June 22, 2019
by Dave Graybeal
Jesus has been on a whirlwind healing tour for a couple of chapters by now. He’s cleansed a leper. He’s healed a centurion’s servant. He’s relieved Peter’s mother-in-law of her fever. He’s cast out a demonic spirit from a man from the other side of the lake. He’s not only healed a paralyzed man but forgiven him of his sins. In the passage right before today’s reading, he’s raised a young girl from death back to life and healed a woman who had been hemorrhaging for many years. And here he is today, giving sight to the blind and voice to the mute. There doesn’t seem to be any realm of human illness that Jesus can’t heal and make whole.

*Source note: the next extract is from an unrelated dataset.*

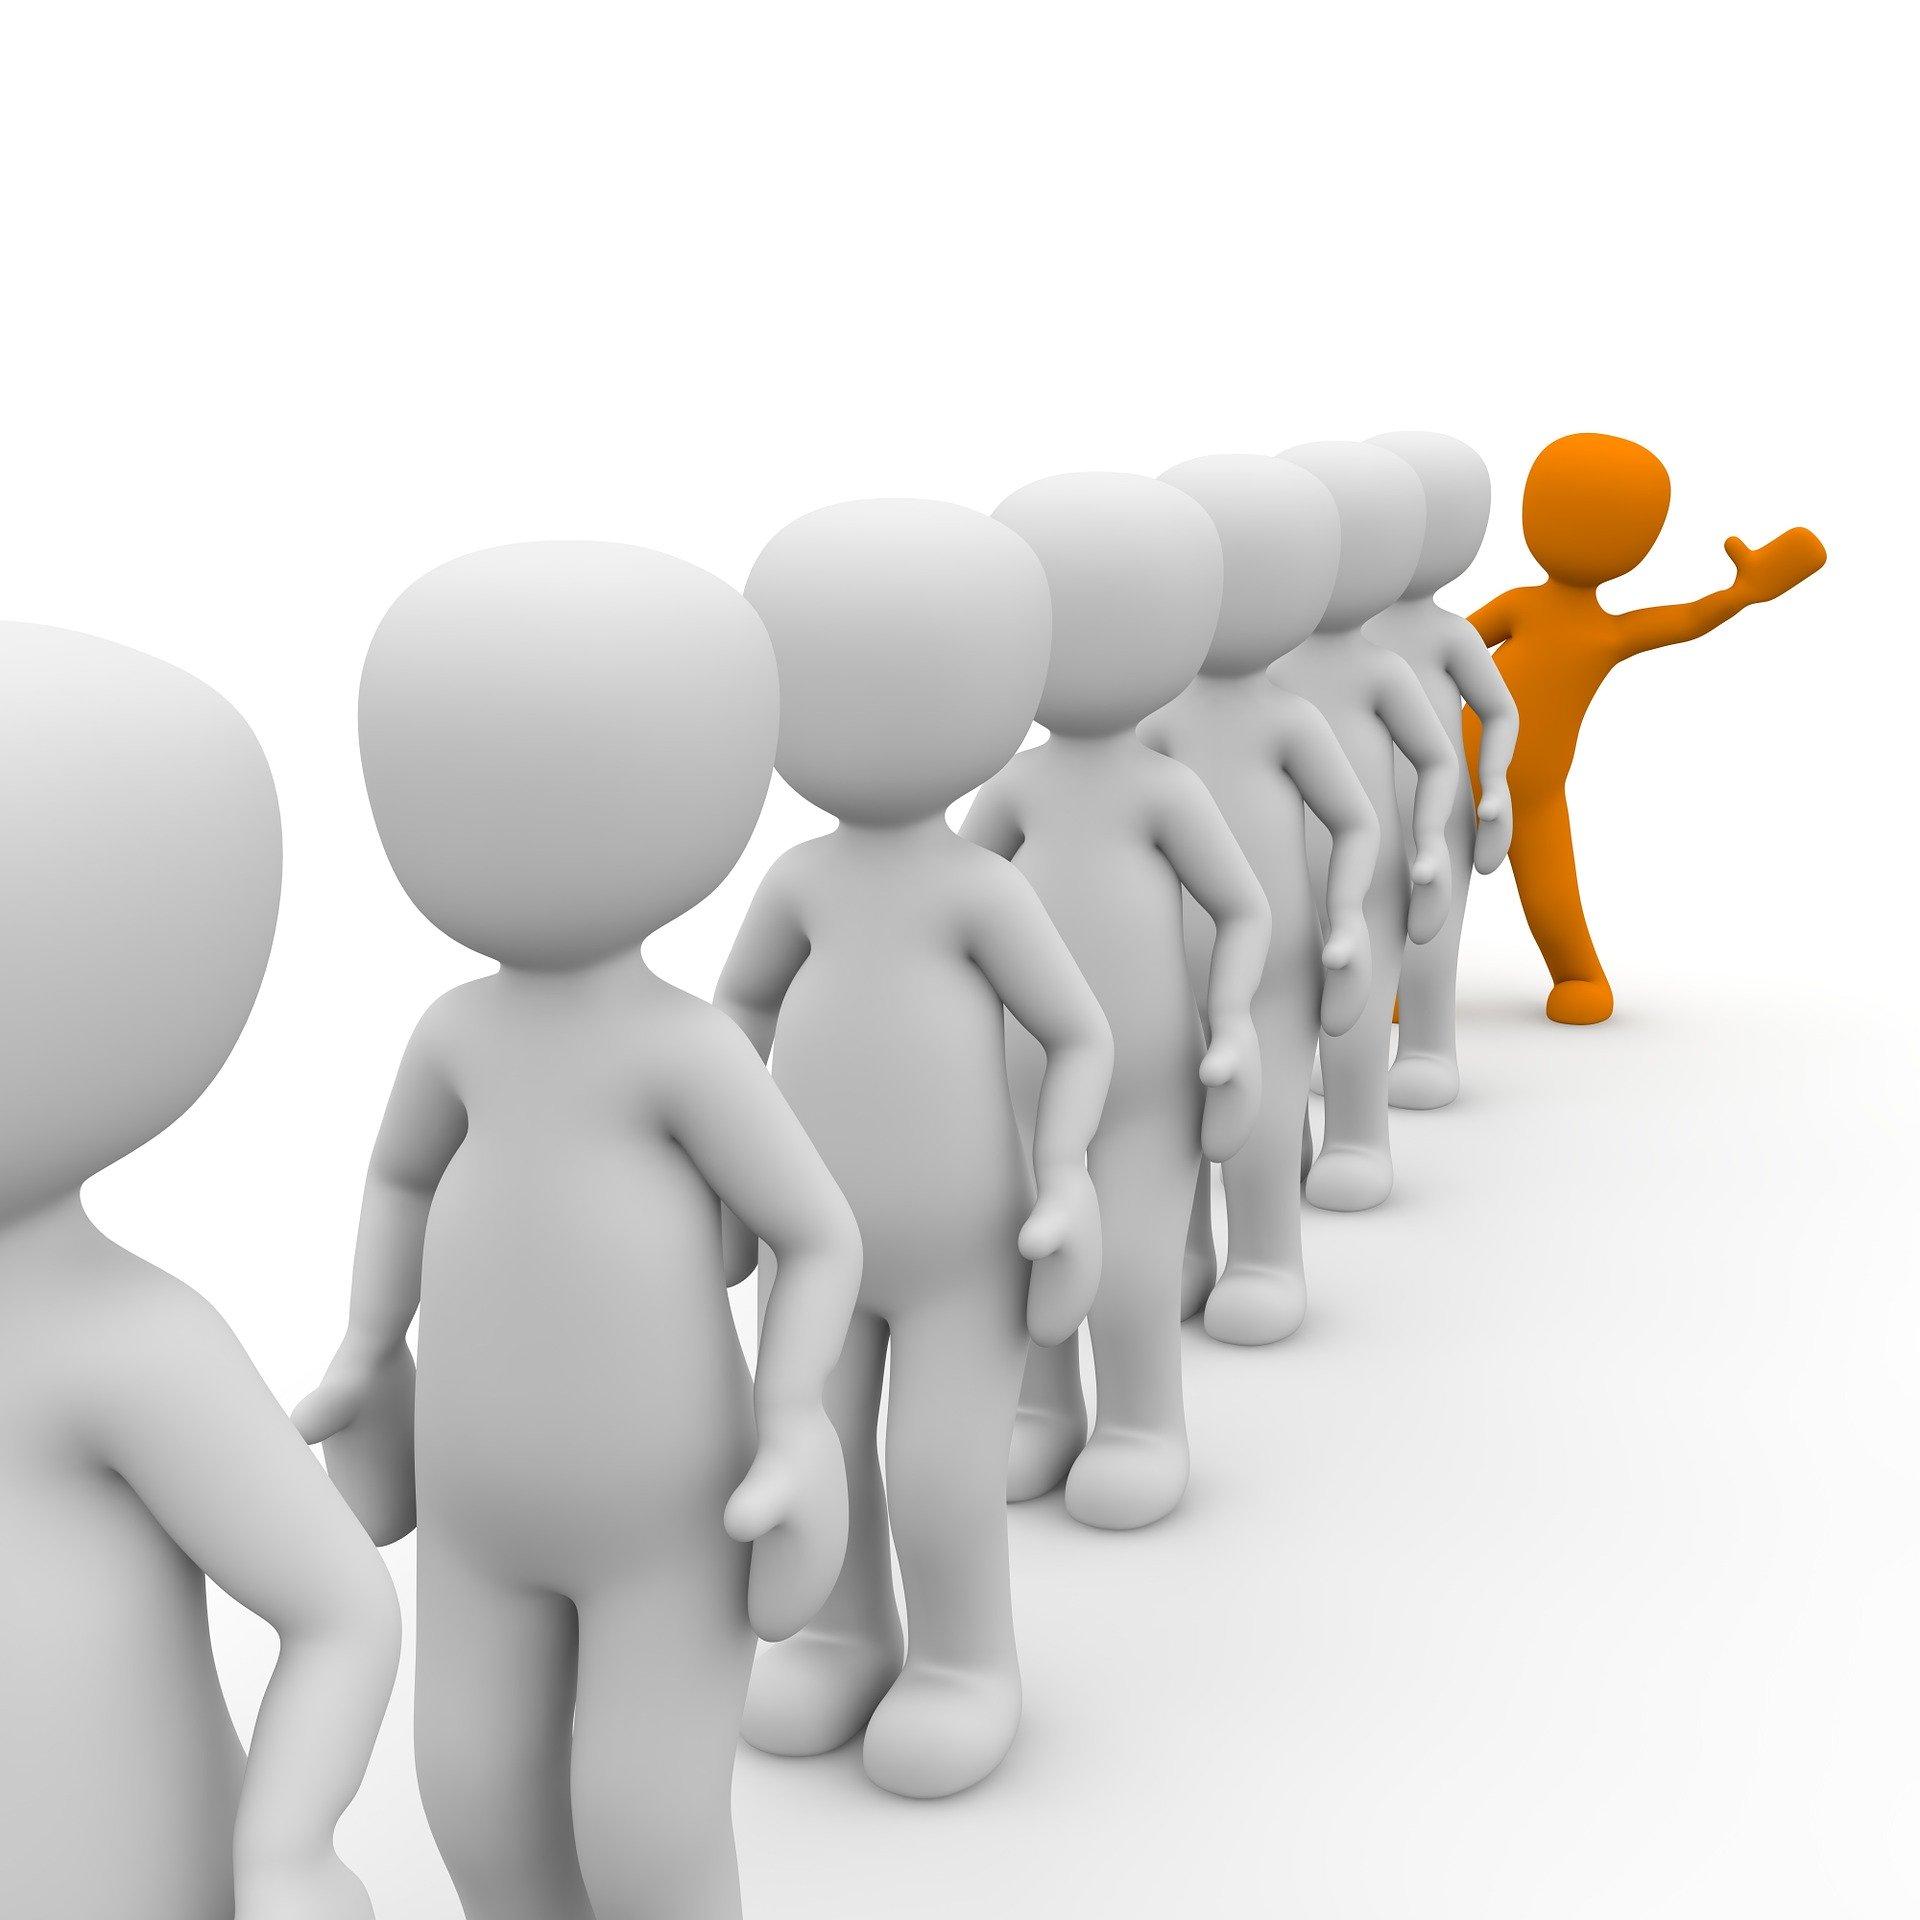 Щодо вимог до учасника, які включено замовником до проекту договору
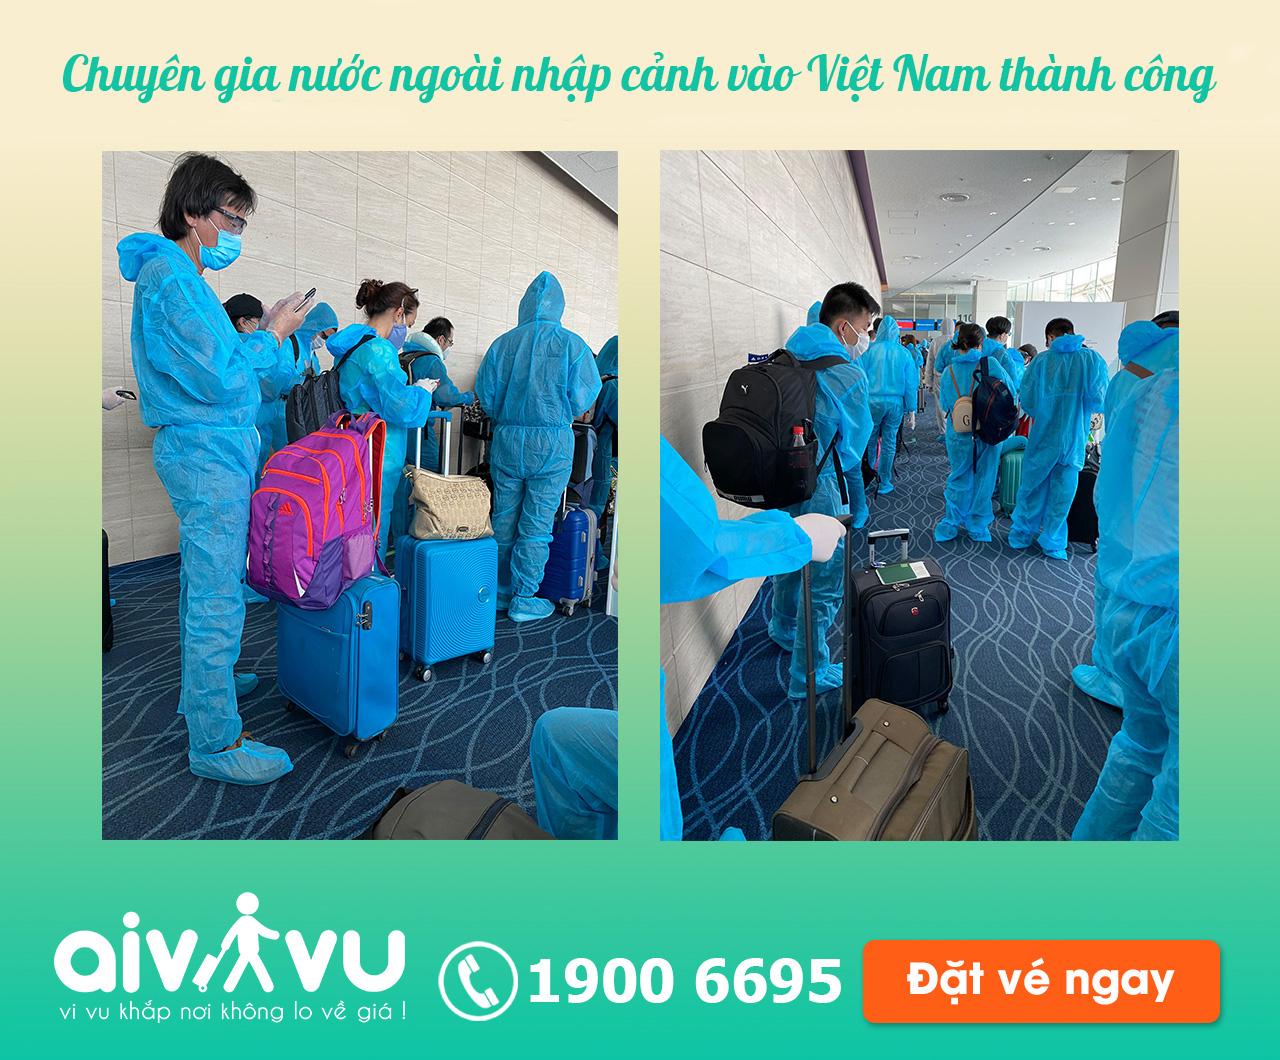 Chuyến bay từ nước ngoài về Việt Nam?

As a child, I remember being amazed by all these stories in the Gospels of Jesus healing all these people of their various ailments. But after my dad became sick and died from cancer my senior year in college, I began to become more annoyed by these stories. I had prayed for my dad to be healed. Others had prayed for him to be healed. If Jesus had asked us the same question he asked those two blind men, whether we believed he was able to heal my dad, we all would have affirmed absolutely yes, we did. But Jesus didn’t heal him of his cancer. Why not? Did we not have enough faith? Or what may have been worse, did he really not have enough power?
As I served as a student chaplain on the oncology unit of Emory’s downtown Atlanta hospital, and as I have since then served for nearly twenty years in pastoral ministry, I have prayed along with patients and parishioners and their family members and fellow church members and friends for Jesus to heal them of their various illnesses. Some have received the gift of healing, but many, if not most, did not, at least not in the way we prayed for them to be healed. Again, how do we make sense of these stories of Jesus healing so many when so many for whom we have prayed go unhealed?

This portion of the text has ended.